Al-Ḥasan ibn Muḥammad ibn al-Ḥanafiyya (Arabic: الحسن بن محمد بن الحنفية) (died 718 CE / 100 AH) was an early Islamic scholar, one of the Salaf, and an early narrator of hadith.

He was the son of Muhammad ibn al-Hanafiyya and the grandson of the Caliph Ali. Following the death of Husayn, his only surviving son, Ali al-Sajjad, retired to an apolitical life in Medina, leaving al-Hasan's father to be considered by many as the head of the House of Ali. During the final crisis of Mukhtar al-Thaqafi's revolt in Kufa in 687, al-Hasan decided to join the movement, though he arrived too late and traveled onward to Nisibis where a resistance group led by Abū Karib Budayr ibn Abi Sakhr fought against the troops of al-Muhallab ibn Abi Sufra, who supported Abd Allah ibn al-Zubayr. He was captured and imprisoned by Ibn al-Zubayr, but managed to escape to his father in Mina.
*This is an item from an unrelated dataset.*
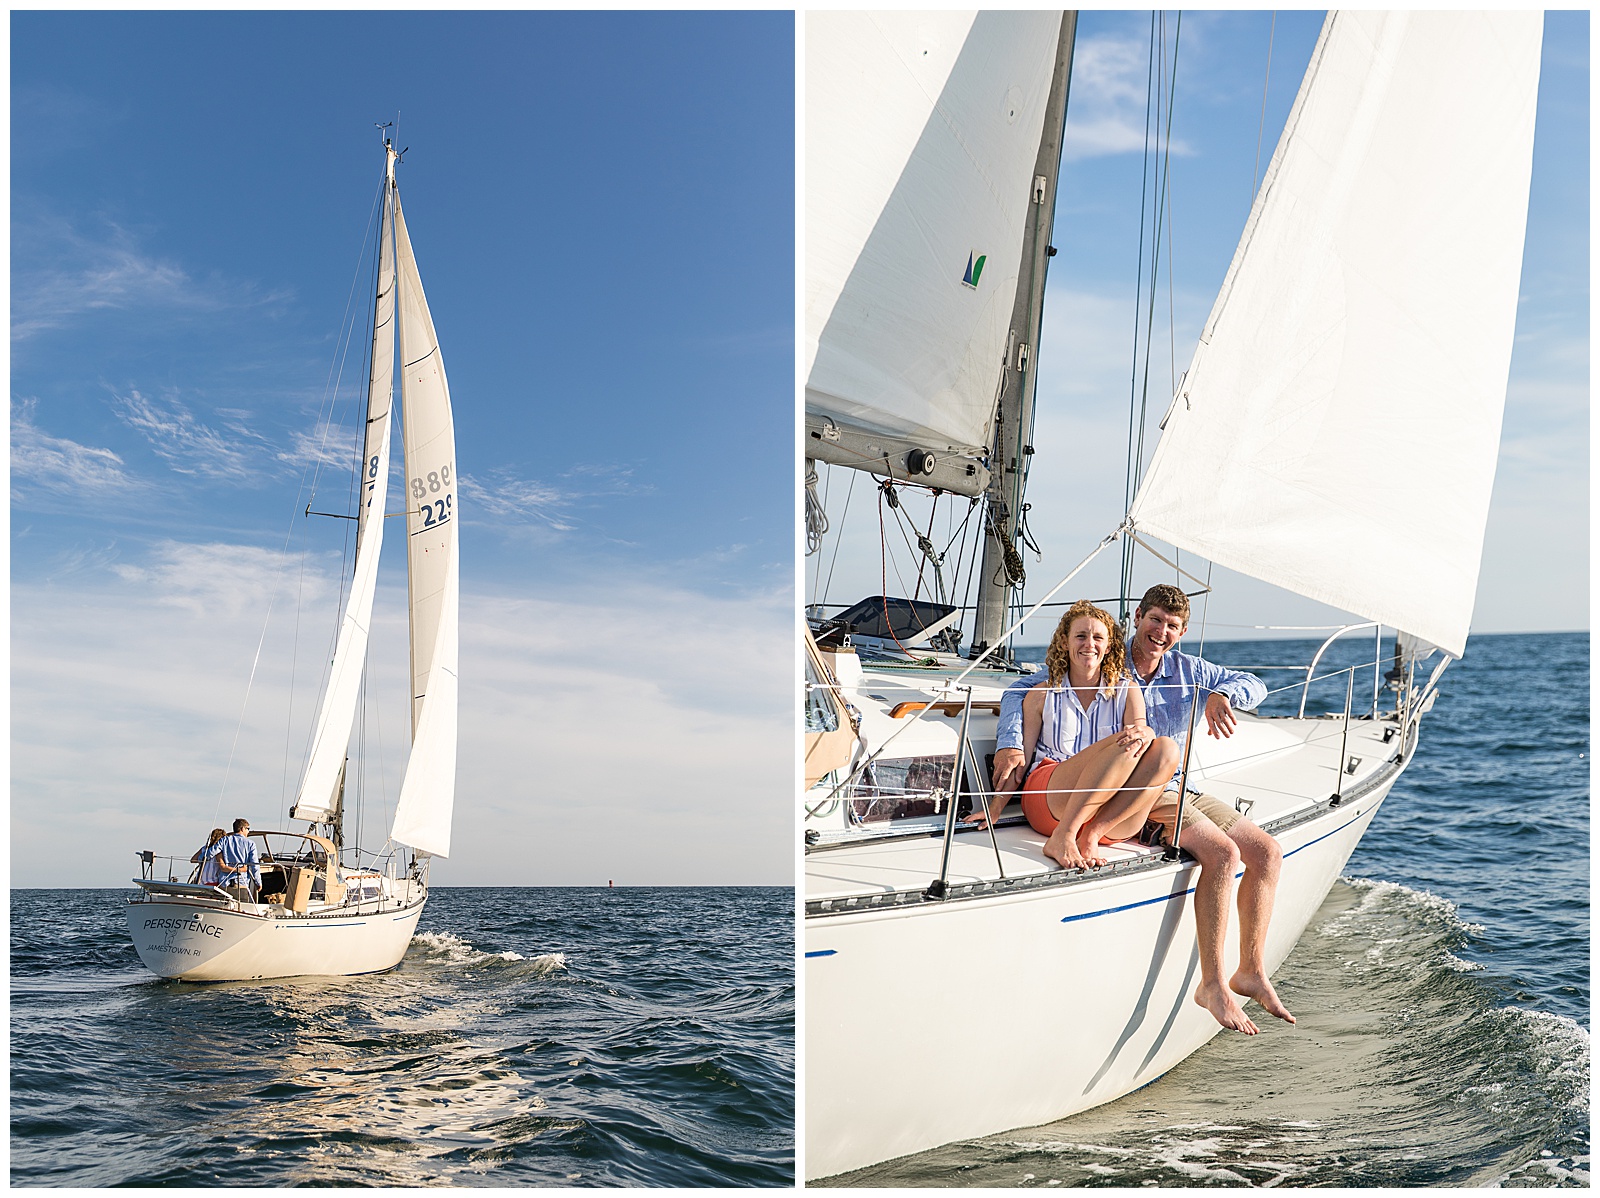 Nautical Engagement Session on couple's sailboat in Jamestown, RI

When his father eventually decided to pledge allegiance to the Umayyad caliph Abd al-Malik ibn Marwan in 693 following the collapse of Ibn al-Zubayr's caliphate, al-Hasan drew the most prominent consequences from this step. He composed an open letter, later known as his Kitāb al-Irjā, in which he implicitly declared Mukhtar's allegiance to his father to have been an intrusion and imposture, while pleading for postponing judgment upon "those who first participated in the schism of the community", namely Uthman and his own grandfather Ali. This stance reflected a rejection of the sectarian views held by remaining followers of Mukhtar in Kufa, and recognized Abd al-Malik's reconciliatory policies. Al-Hasan had his letter recited in various places by Abd al-Wahid ibn Ayman, a Meccan mawla. Later in life, he also participated in the major anti-Umayyad revolt led by Ibn al-Ash'ath.

== Sources ==
- Bearman, P. (2012). "Muḥammad Ibn al-Ḥanafiyya"
- "Muhammad and the Course of Islam" (2002)
- Momen, M. (1985). "An Introduction to Shi'i Islam"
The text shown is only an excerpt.